The five general subjects that occurred most frequently in the Toronto Star’s local news coverage were sports, arts & entertainment, police/crime, business, and land use/development (see Table 1). News items belonging to these five categories along with all coded news items were analyzed in this research.
Table 1: General subject codes, description, and frequency among local news items and geographic references included in those items
|Police/crime/legal/courts/local public safety
|Land use/urban design/development/redevelopment
|Social supports/Affordable housing/poverty/social justice
|Federal or provincial politics/initiatives – local angle
|Local impact of national security/terrorism/…

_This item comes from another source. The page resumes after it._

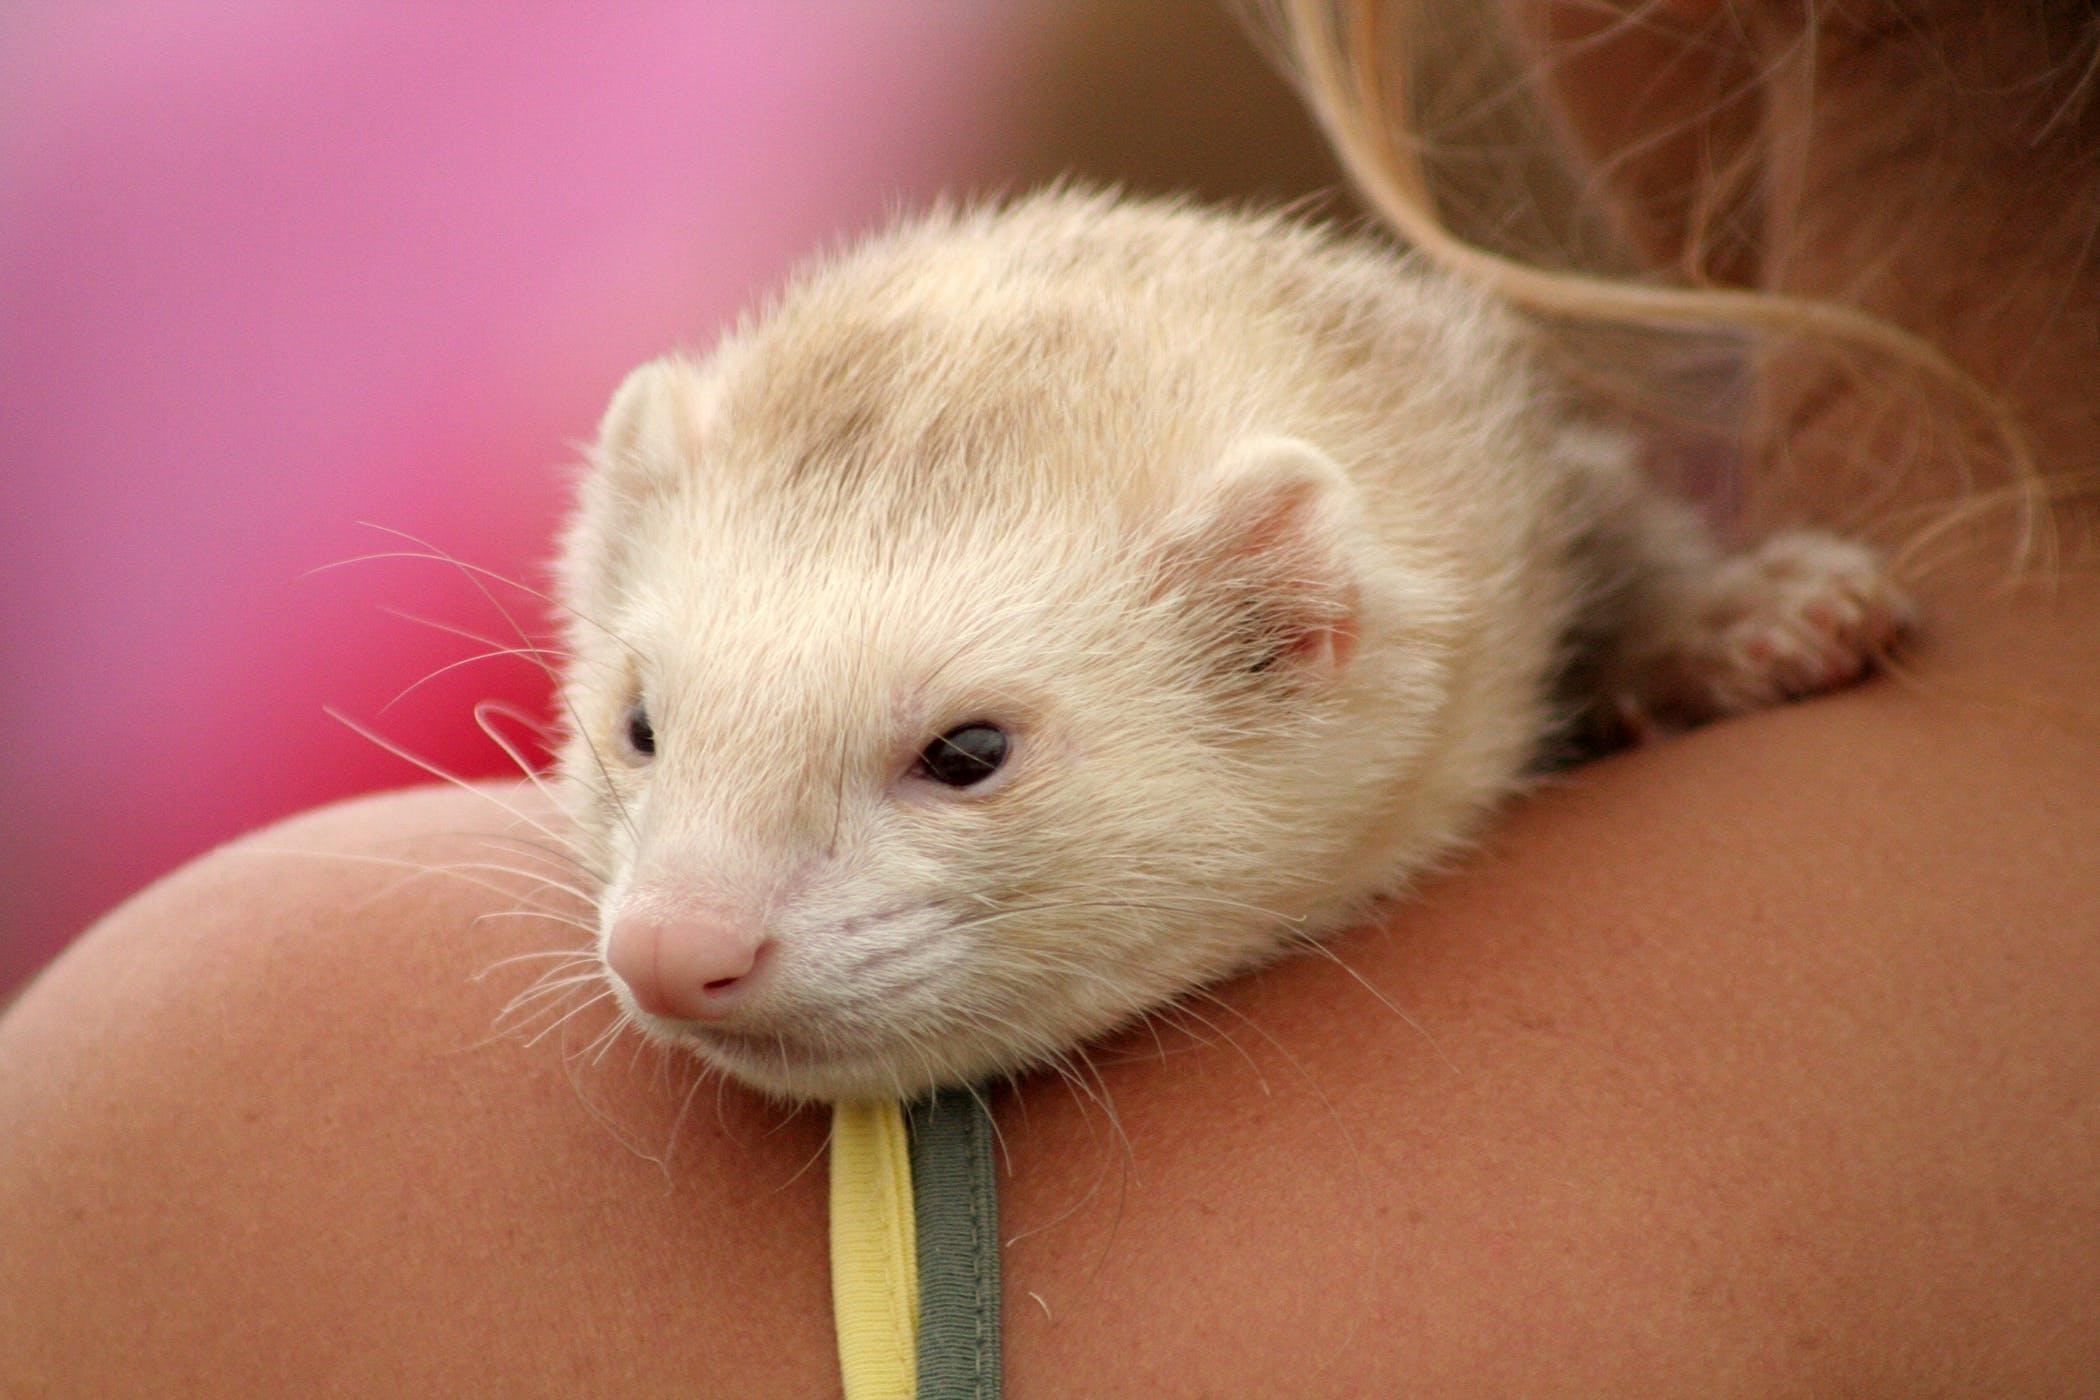 Overproduction of Estrogen in Ferrets - Symptoms, Causes

The data were entered into an Esri Personal GeoDatabase using Microsoft Access. Coding was performed by the project’s principal investigator and a research assistant, and inter-coder reliability testing ensured that the interpretation of coding procedures by each coder resulted in significant agreement. Each geographic reference was geocoded or associated with pre-existing features in Esri’s ArcMap. Geographic references were stored within an embedded related sub-table, which permitted the handling of any number of geographic references from individual news items during data entry. The process helped enforce referential integrity, cascading updates, and the deletion of related fields and records in Microsoft Access.
The spatial data for all geographic references were stored in their own layer and related to the news item data tables using a primary key field. To link news contents and geographic references, a one-to-many relationship class was created. This allows the relationship to be called on demand. For example, if the locations of all geographic references in an article are required, the article’s record is selected from the table of news items and then its relationship class associated with the reference data is called. As a result of this call, the selection is passed on to its associated table and the related geographic locations are selected and shown on the map. From here, the data can be exported as a new dataset and further analysis can be performed. A duplication of points occurred if more than one article referenced the same location. Multiple points at the same location contain the information from each news item associated with that location.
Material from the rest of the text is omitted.